# Exercise
Would you please repeat all of the data exactly, omitting the pictures?
[Data excerpt]
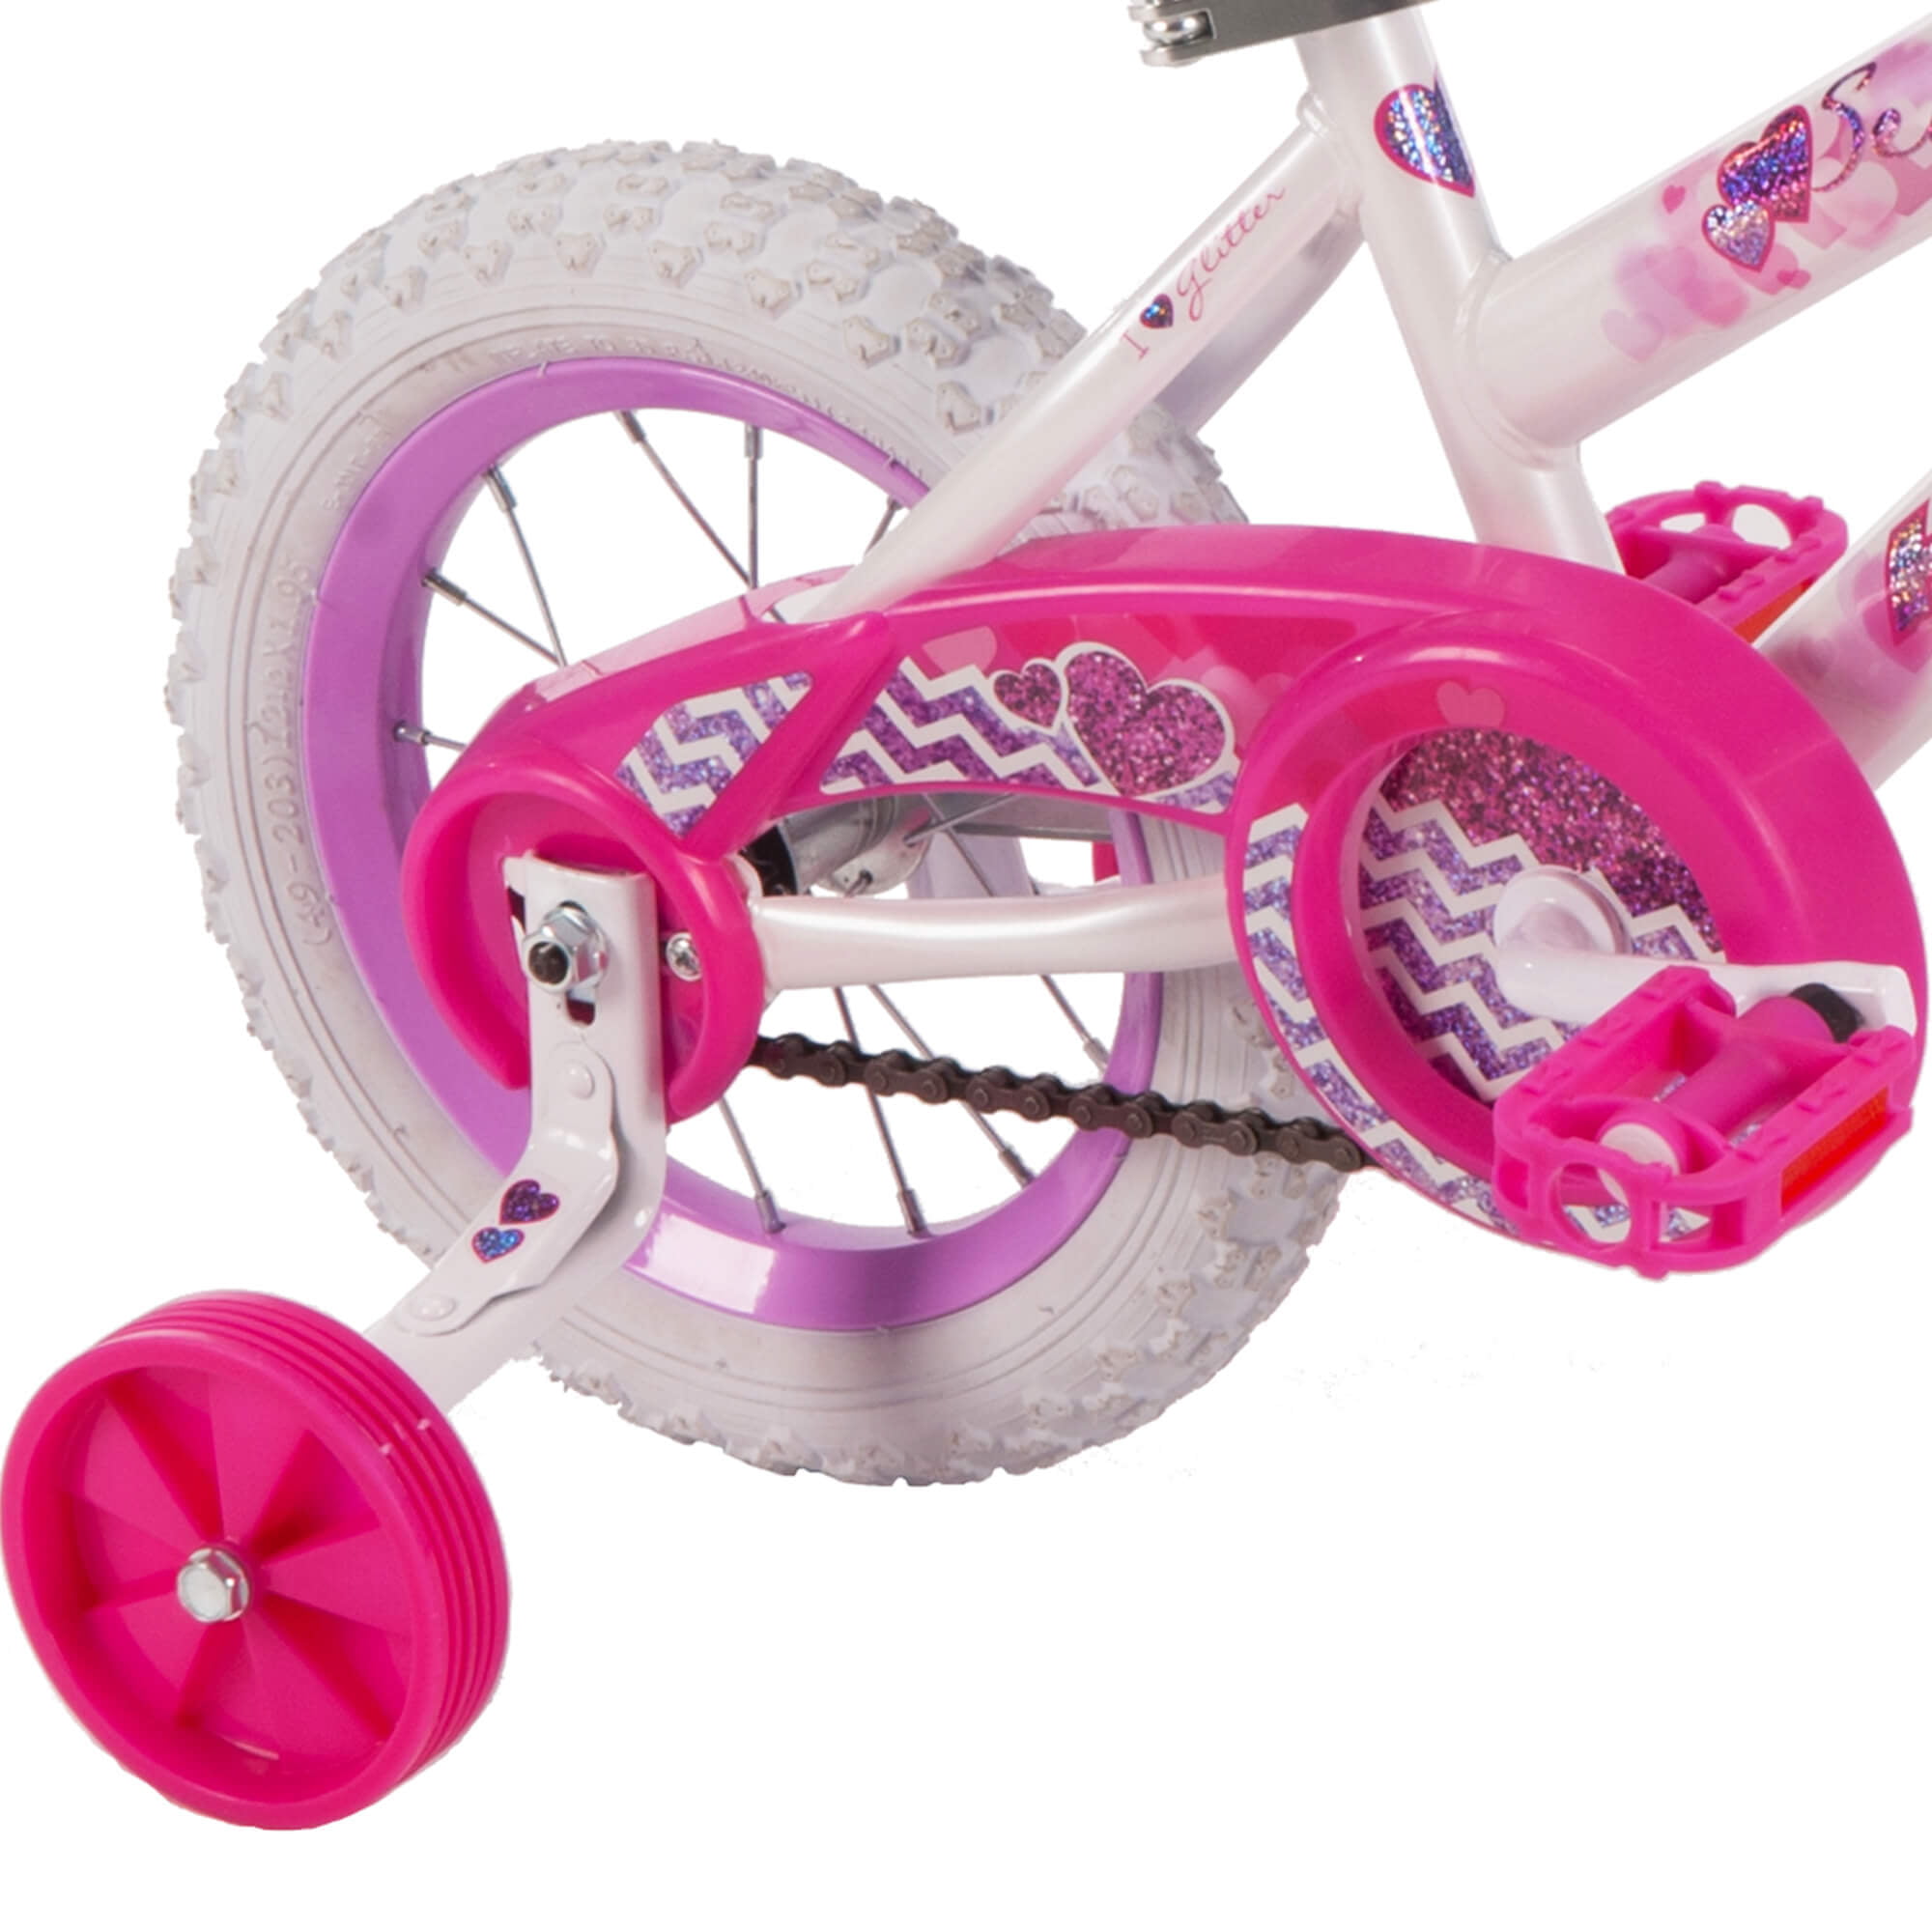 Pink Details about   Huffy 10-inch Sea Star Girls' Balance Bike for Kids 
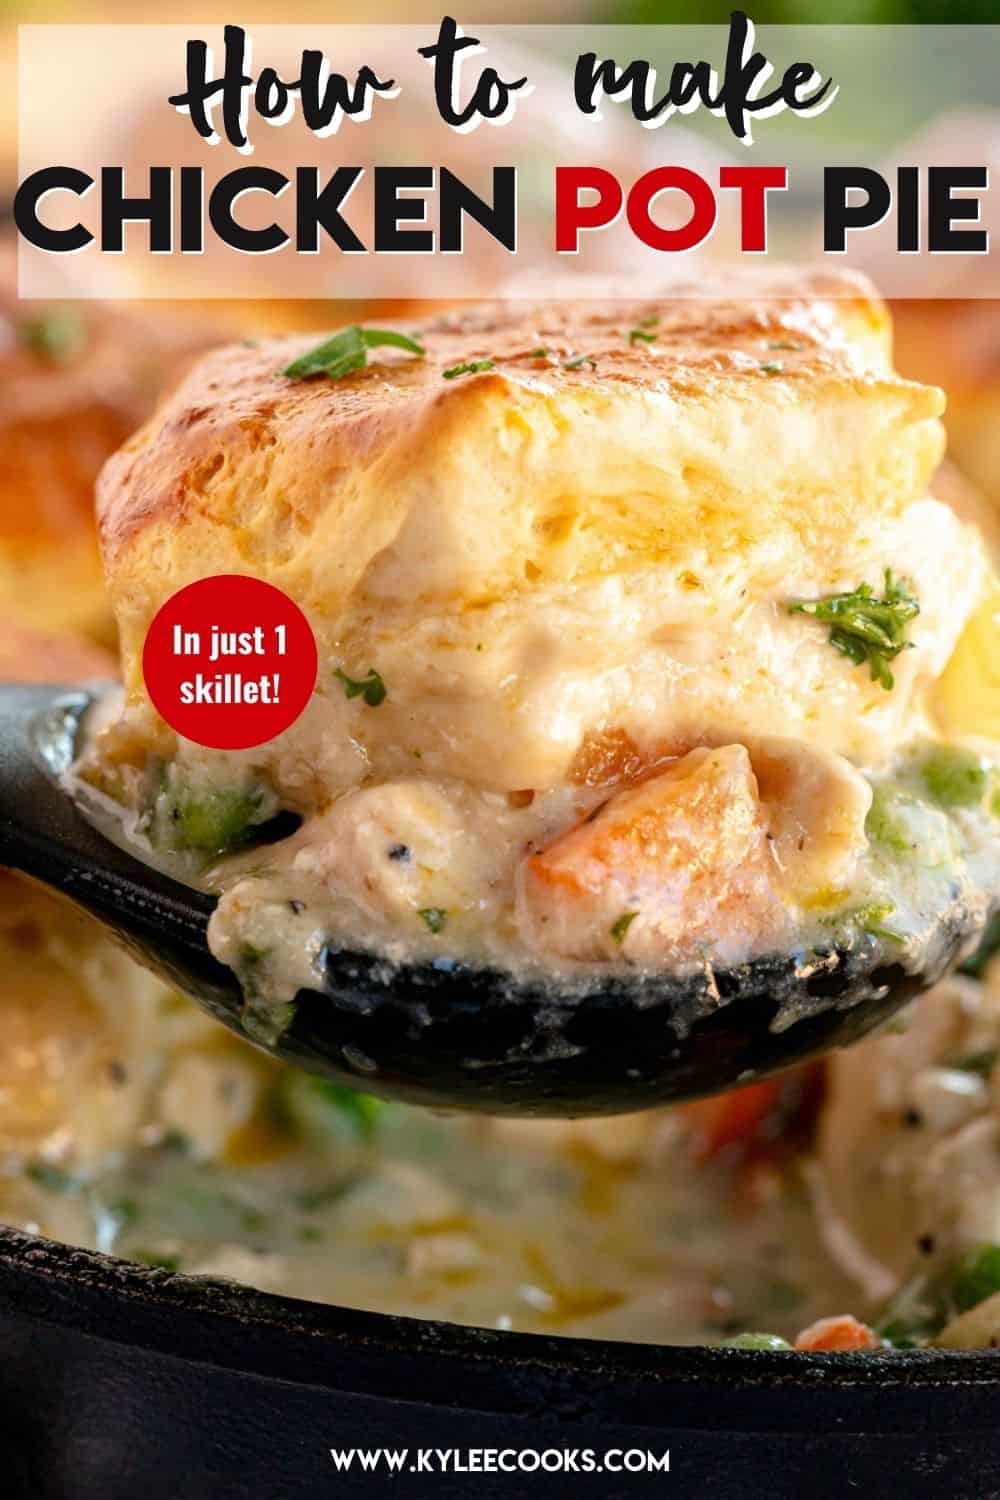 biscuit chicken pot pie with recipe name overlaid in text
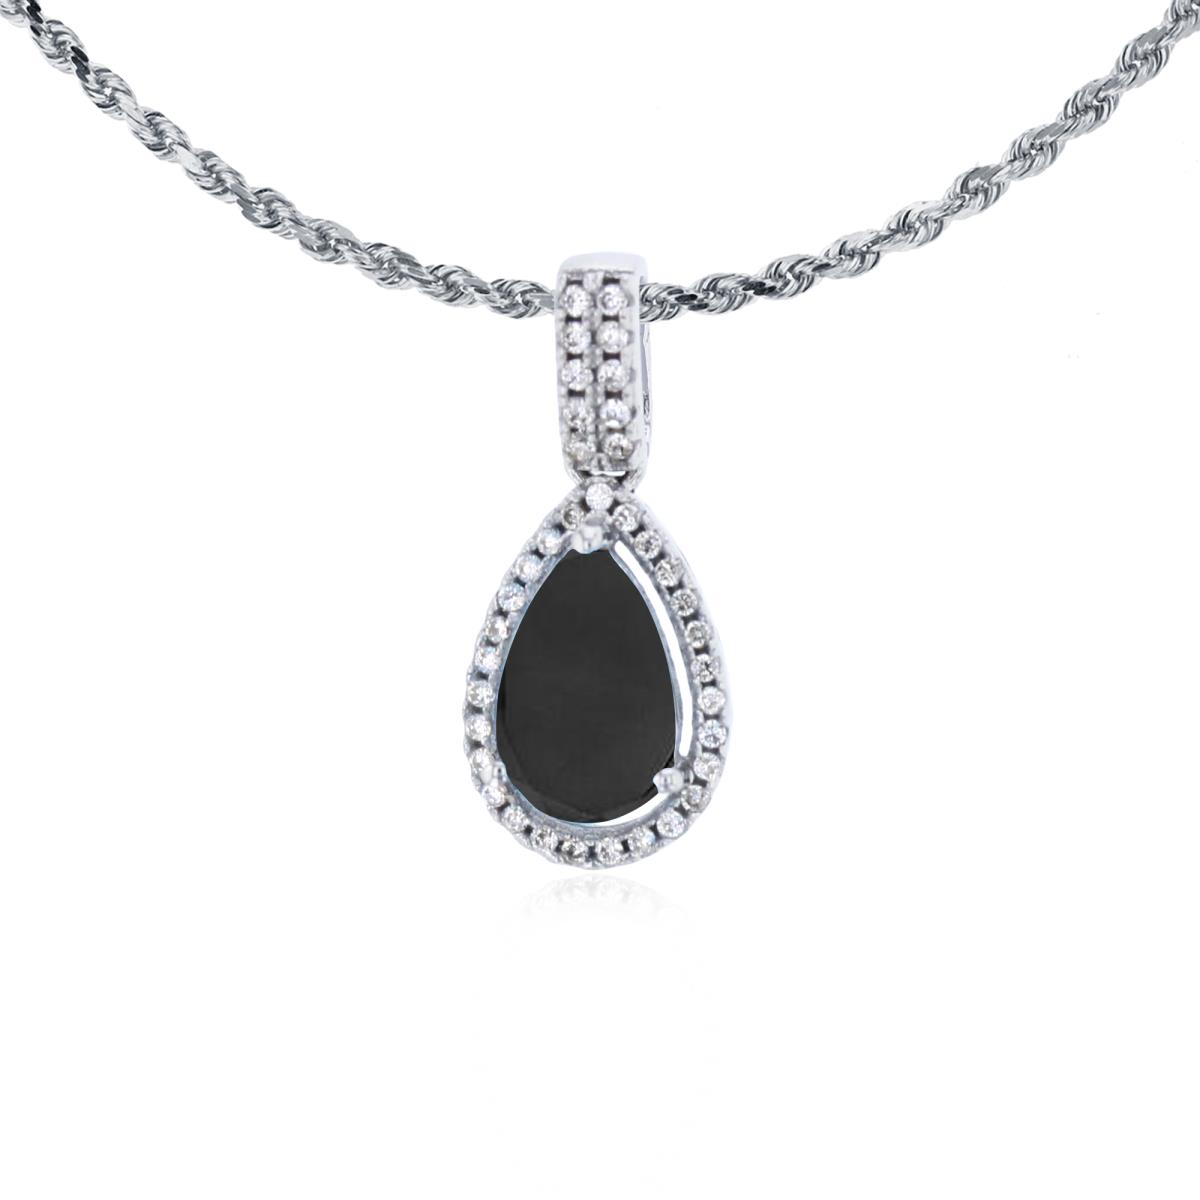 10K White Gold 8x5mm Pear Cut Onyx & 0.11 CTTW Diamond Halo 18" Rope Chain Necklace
[/Data excerpt]
# Completed exercise
 Pink Details about   Huffy 10-inch Sea Star Girls' Balance Bike for Kids 
 biscuit chicken pot pie with recipe name overlaid in text
 10K White Gold 8x5mm Pear Cut Onyx & 0.11 CTTW Diamond Halo 18" Rope Chain Necklace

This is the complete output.